- Given data:
......
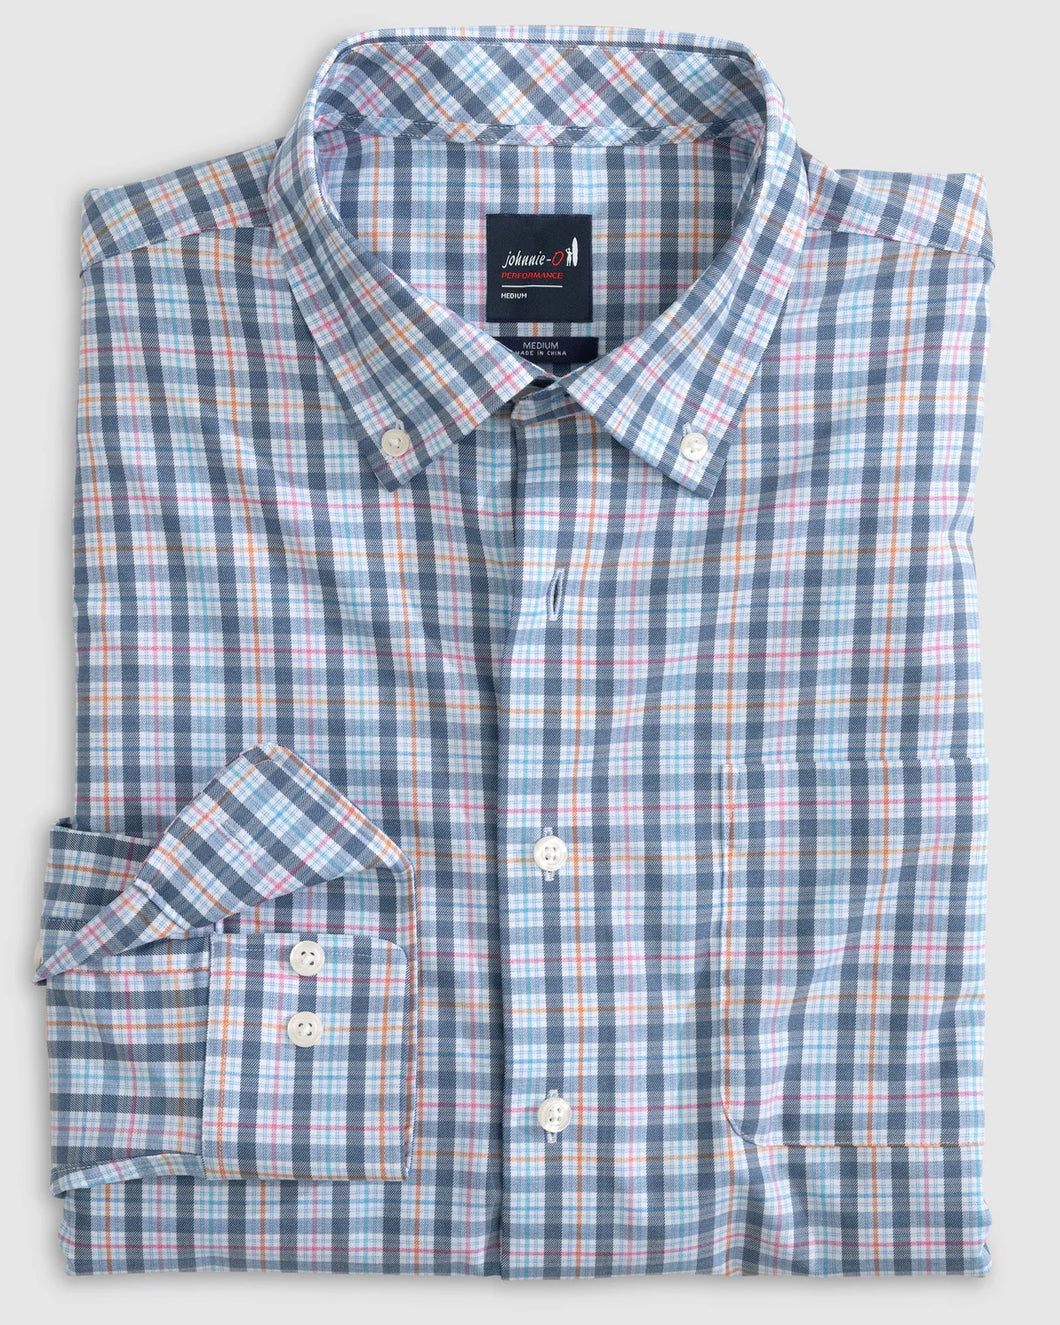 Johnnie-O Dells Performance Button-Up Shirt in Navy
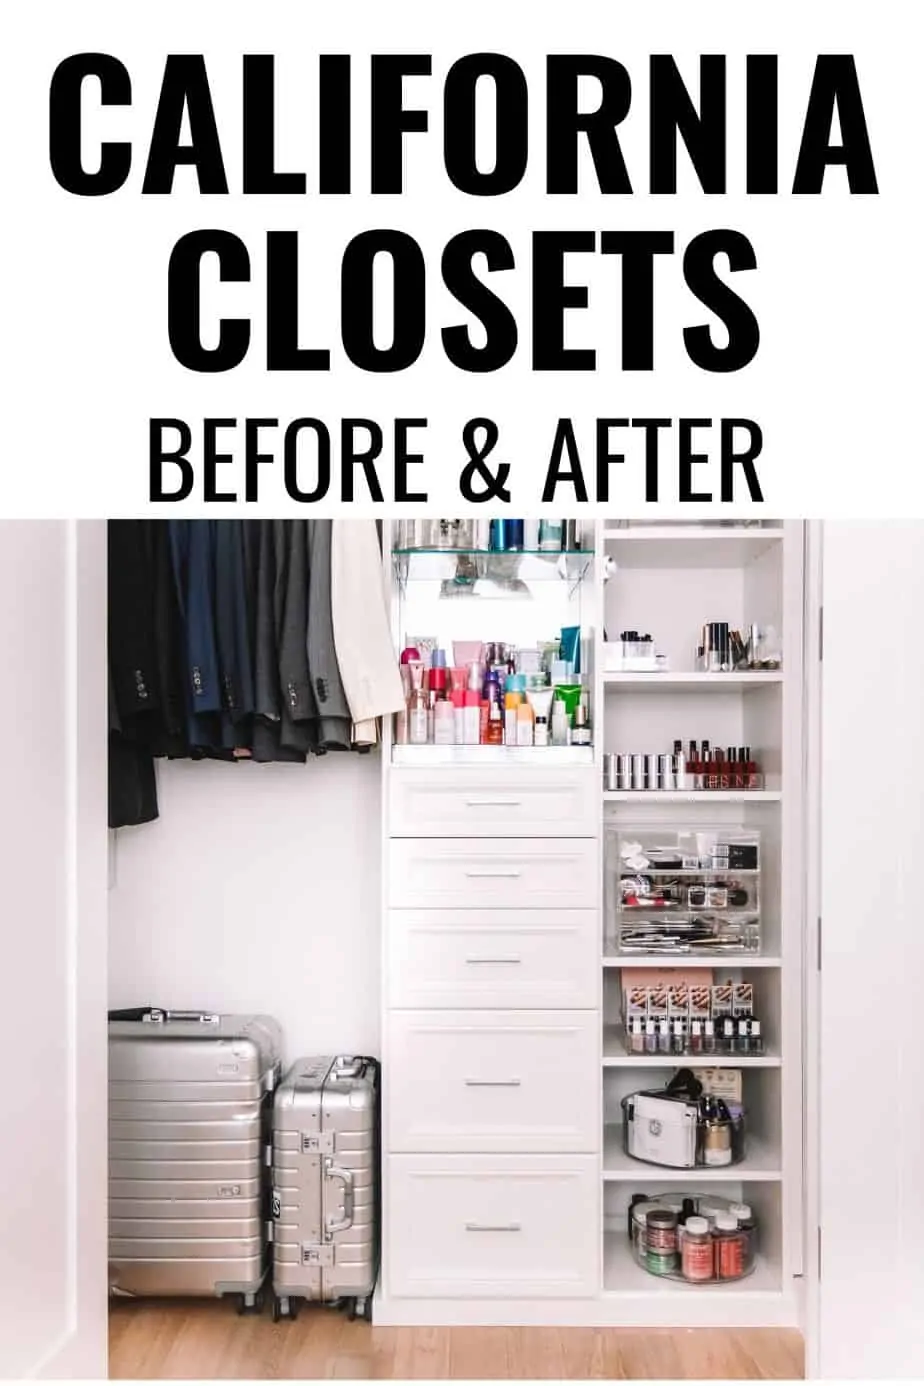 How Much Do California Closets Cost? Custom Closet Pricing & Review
......
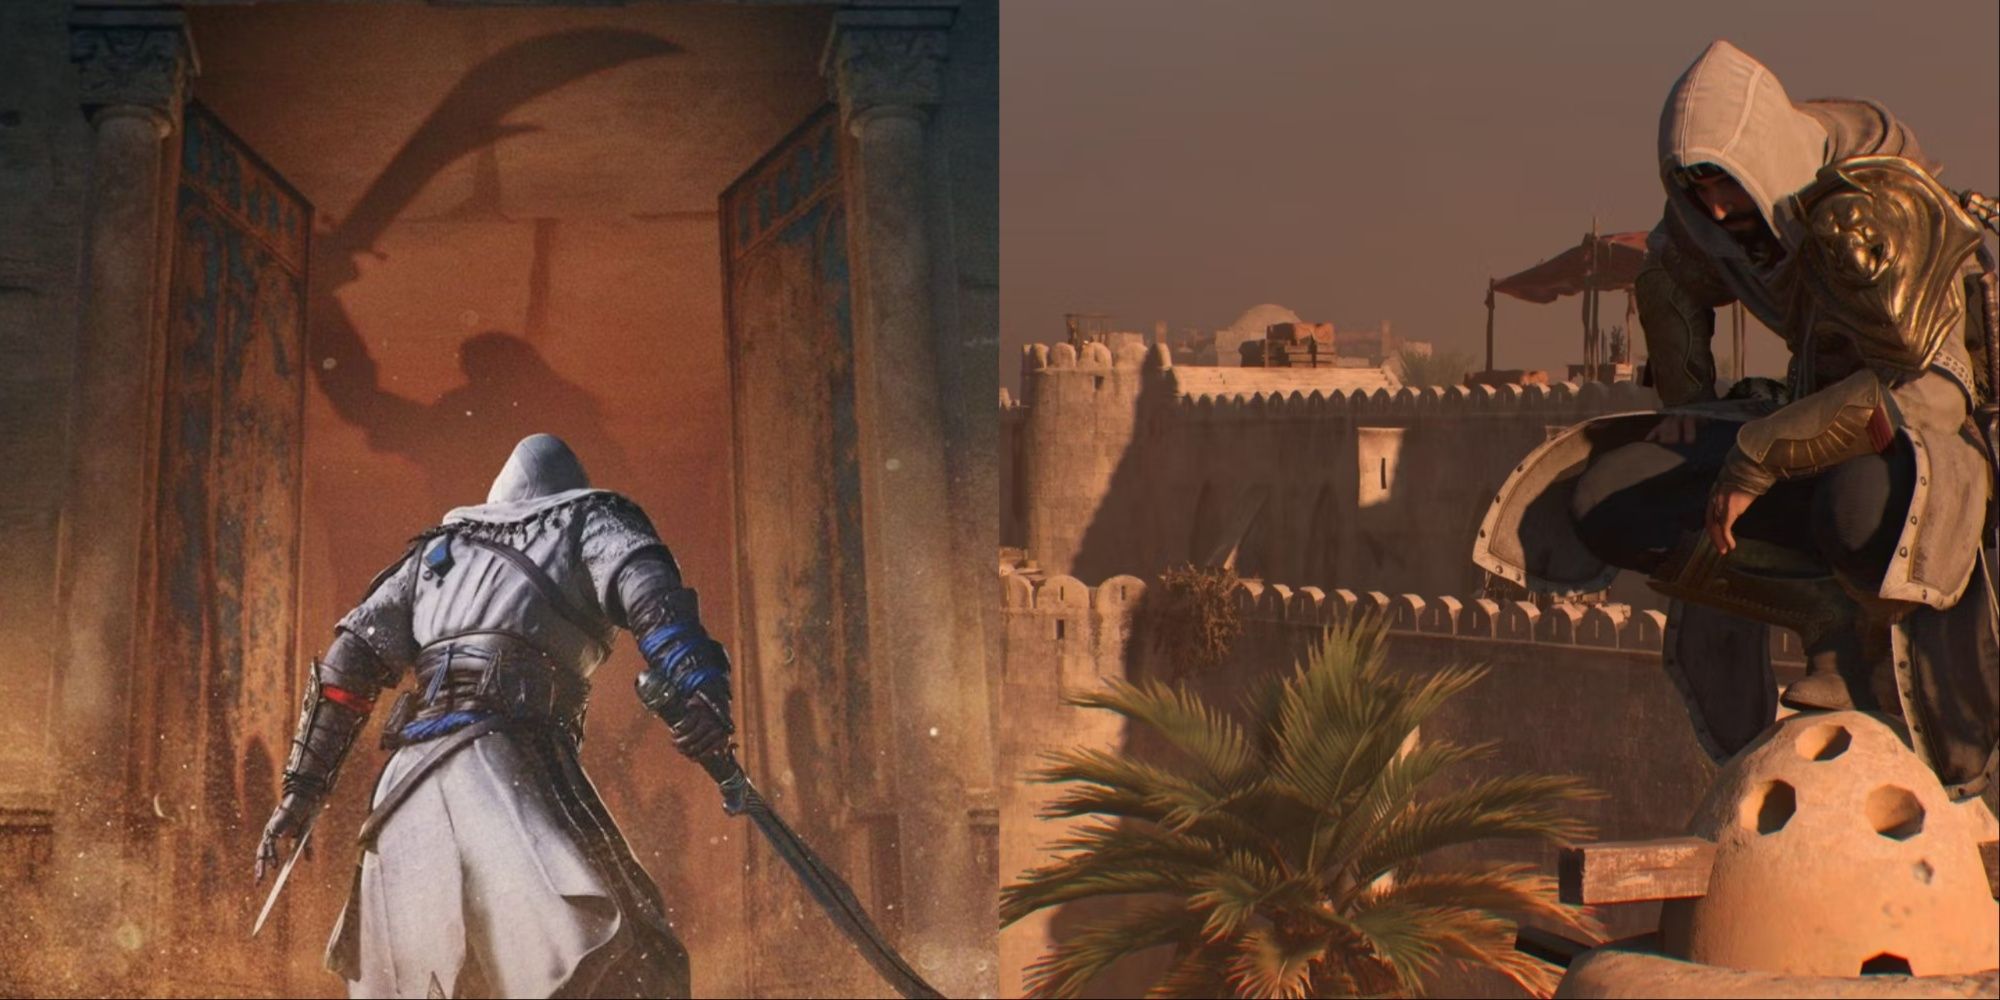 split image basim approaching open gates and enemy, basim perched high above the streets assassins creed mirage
......
- Task to carry out: The answer is the lines above from the one with "Johnnie-O Dells Performance" to the one with "How Much Do", set down exactly, with no pictures.

- Response:
 Johnnie-O Dells Performance Button-Up Shirt in Navy
 How Much Do California Closets Cost? Custom Closet Pricing & Review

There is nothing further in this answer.